RECORDED DATA:
*** Begin section ***
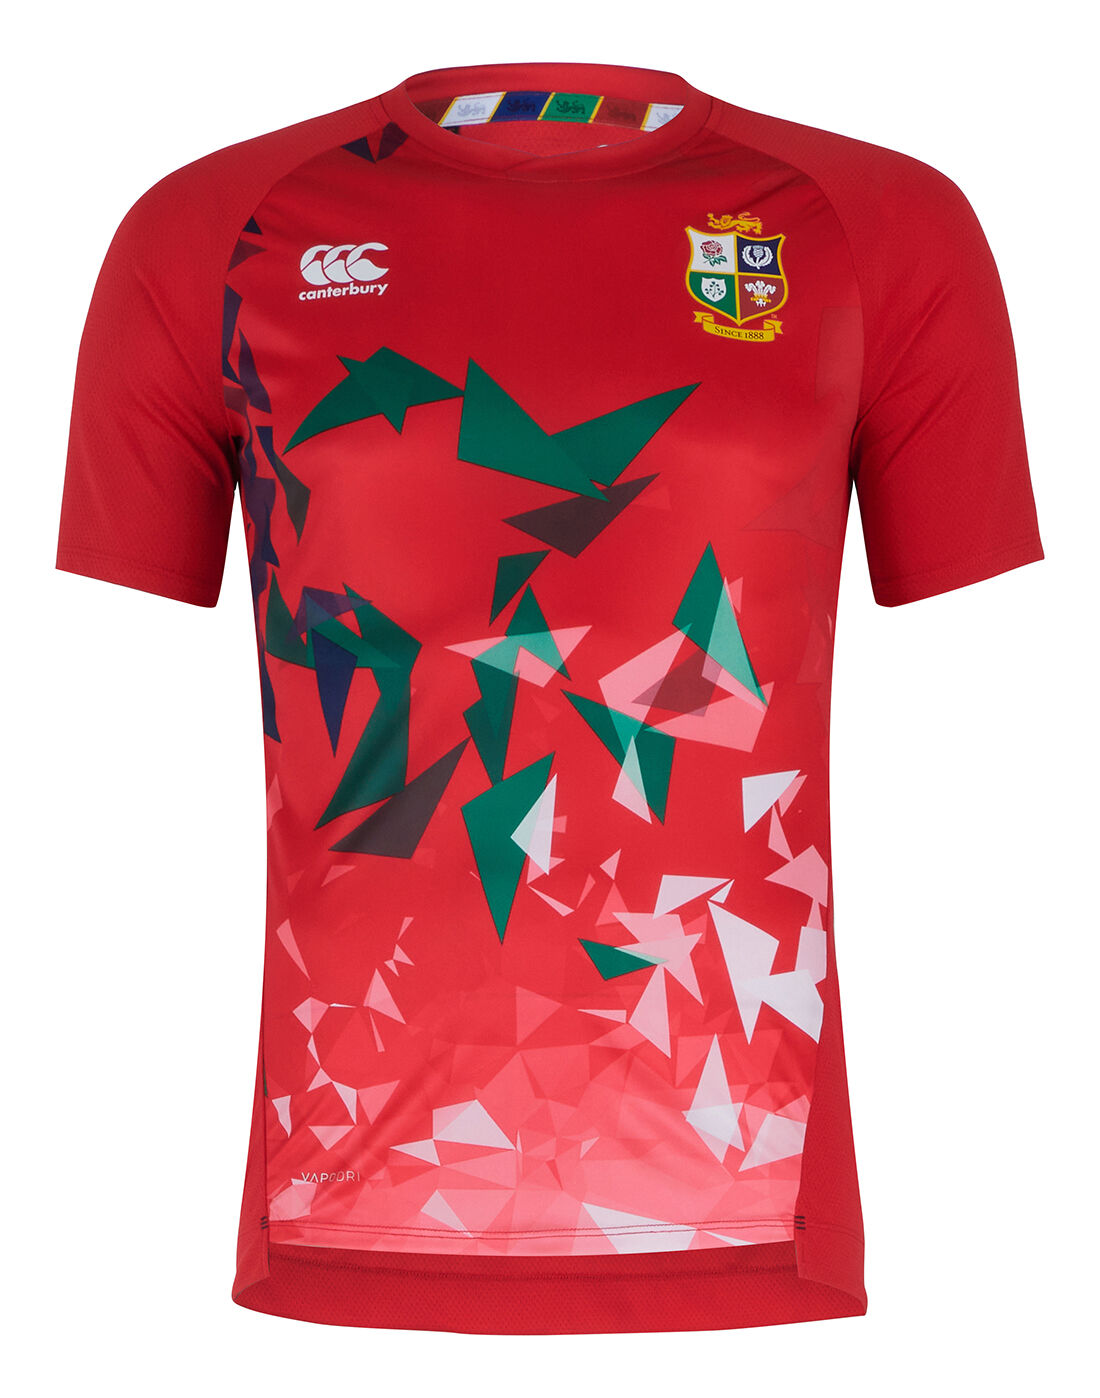 T-Shirt Uomo Canterbury British And Irish Lions Rugby Superlight Graphic
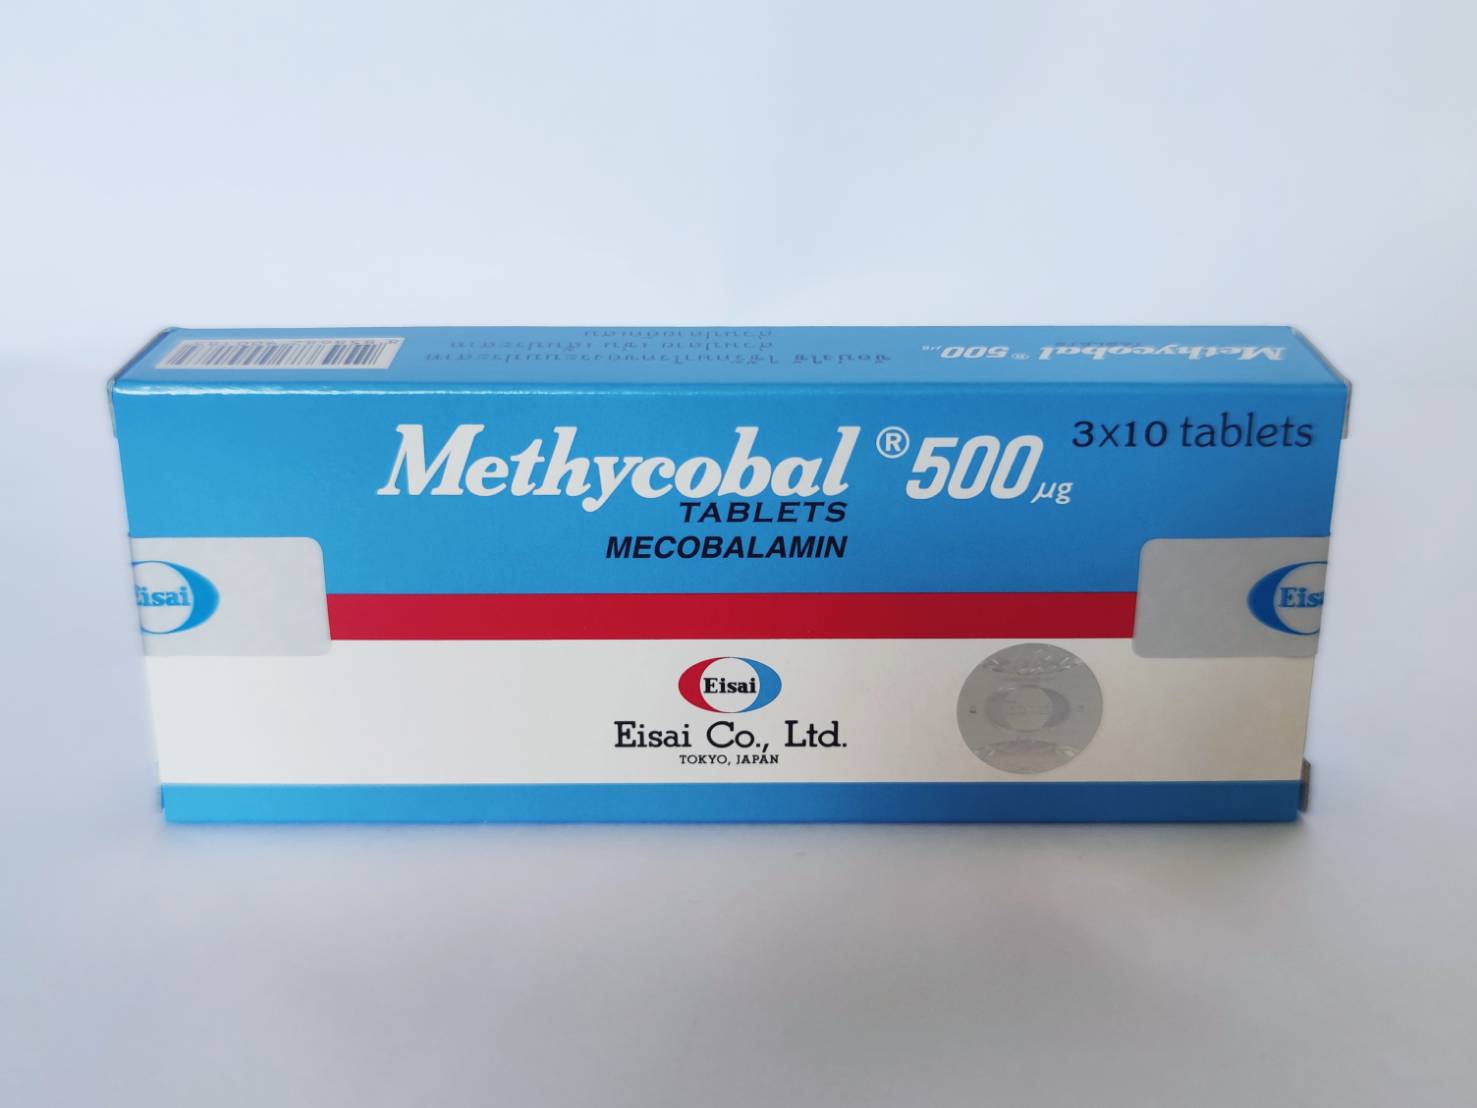 เมทิลโคบอล เมโคบาลามิน500ไมโครกรัม Methylcobal 30เม็ด/กล่อง
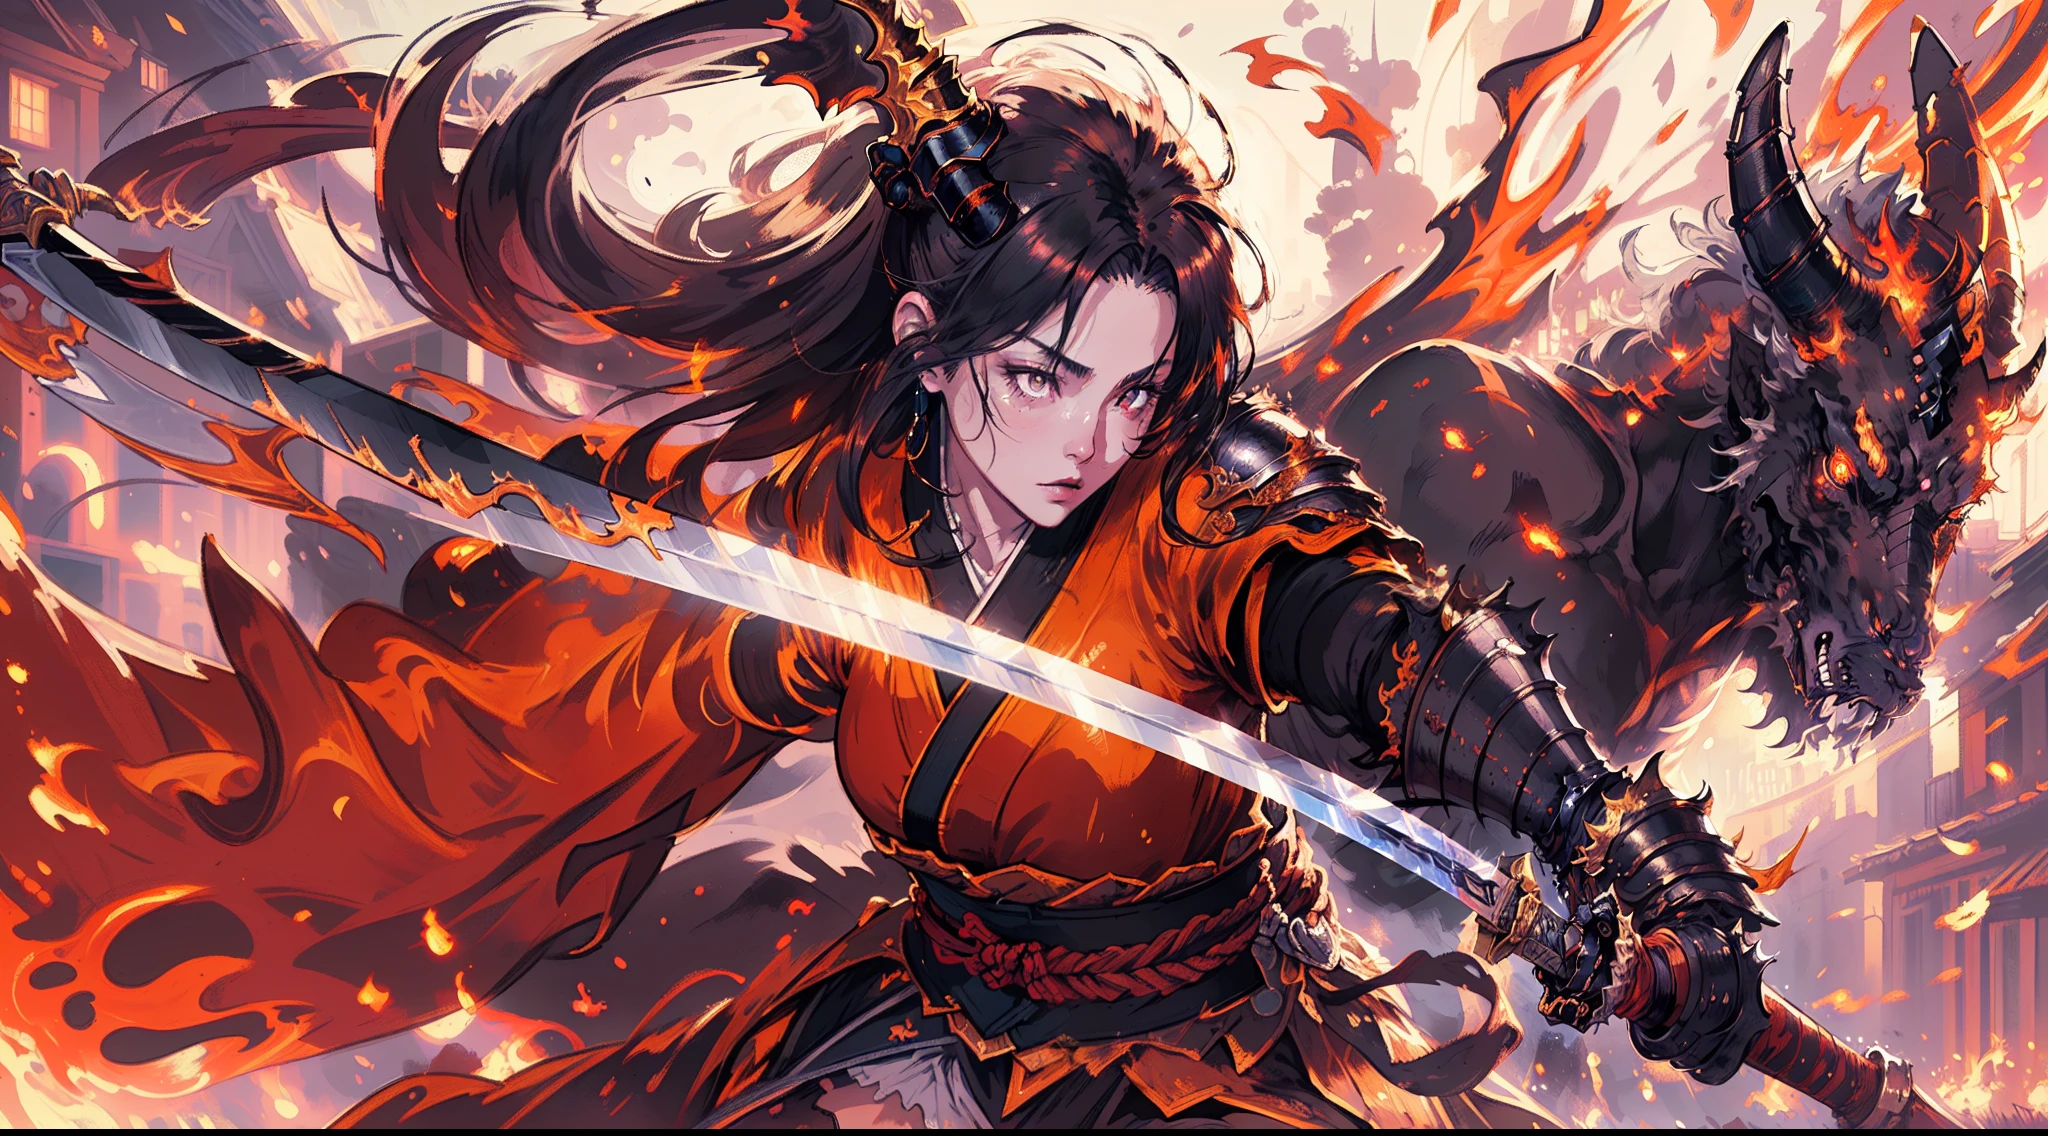 there is an illustration of a woman samurai fighting a ผิวแดง ปีศาจ in the streets at night. ซามูไรหญิงชาวญี่ปุ่น, นักรบหญิง, ใบหน้าที่มีรายละเอียดเป็นพิเศษ (รายละเอียดที่ดีที่สุด, ผลงานชิ้นเอก, คุณภาพดีที่สุด: 1.5), เป็นผู้หญิงเป็นพิเศษ, ผิวสีซีดสวยงามอย่างประณีต, ผมยาว, ผมสีดำ, สีดวงตาแบบไดนามิก, ติดอาวุธด้วยคาทาน่า (รายละเอียดที่ดีที่สุด, ผลงานชิ้นเอก, คุณภาพดีที่สุด: 1.5), ดาบวาววับ (รายละเอียดที่ดีที่สุด, ผลงานชิ้นเอก, คุณภาพดีที่สุด: 1.3) สวมชุดเกราะ. ทำลาย [ปีศาจ] (รายละเอียดที่ดีที่สุด, ผลงานชิ้นเอก, คุณภาพดีที่สุด: 1.4), ผิวแดง (รายละเอียดที่ดีที่สุด, ผลงานชิ้นเอก, คุณภาพดีที่สุด: 1.5), ตาสีดำ, แผงคอสีดำ, ปีกค้างคาว (รายละเอียดที่ดีที่สุด, ผลงานชิ้นเอก, คุณภาพดีที่สุด: 1.5), แตร, big แตร, มีดาบยาวปกคลุมไปด้วยเปลวเพลิง (รายละเอียดที่ดีที่สุด, ผลงานชิ้นเอก, คุณภาพดีที่สุด: 1.5), ปกคลุมไปด้วยไฟสีแดง. ถนนญี่ปุ่นยุคกลาง (รายละเอียดที่ดีที่สุด, ผลงานชิ้นเอก, คุณภาพดีที่สุด: 1.4) พื้นหลัง, เวลากลางคืน, แสงจันทร์, ไฟถนน, มุมกว้างพิเศษ, รายละเอียดสูง, ได้รับรางวัล, คุณภาพดีที่สุด, เอชดี, 16k,  รายละเอียดสูงs, คุณภาพดีที่สุด, ความสูง, มุมกว้างพิเศษ, เหมือนจริง, สมจริงเป็นพิเศษ [[ถูกต้องตามหลักกายวิภาค]]
*** End section ***
TASK TO COMPLETE: Keep the pictures out and repeat exactly the lines from the beginning of the data through the line that contains "เมทิลโคบอล เมโคบาลามิน500ไมโครกรัม Methylcobal", both ends included.

RESPONSE AREA:
 T-Shirt Uomo Canterbury British And Irish Lions Rugby Superlight Graphic
 เมทิลโคบอล เมโคบาลามิน500ไมโครกรัม Methylcobal 30เม็ด/กล่อง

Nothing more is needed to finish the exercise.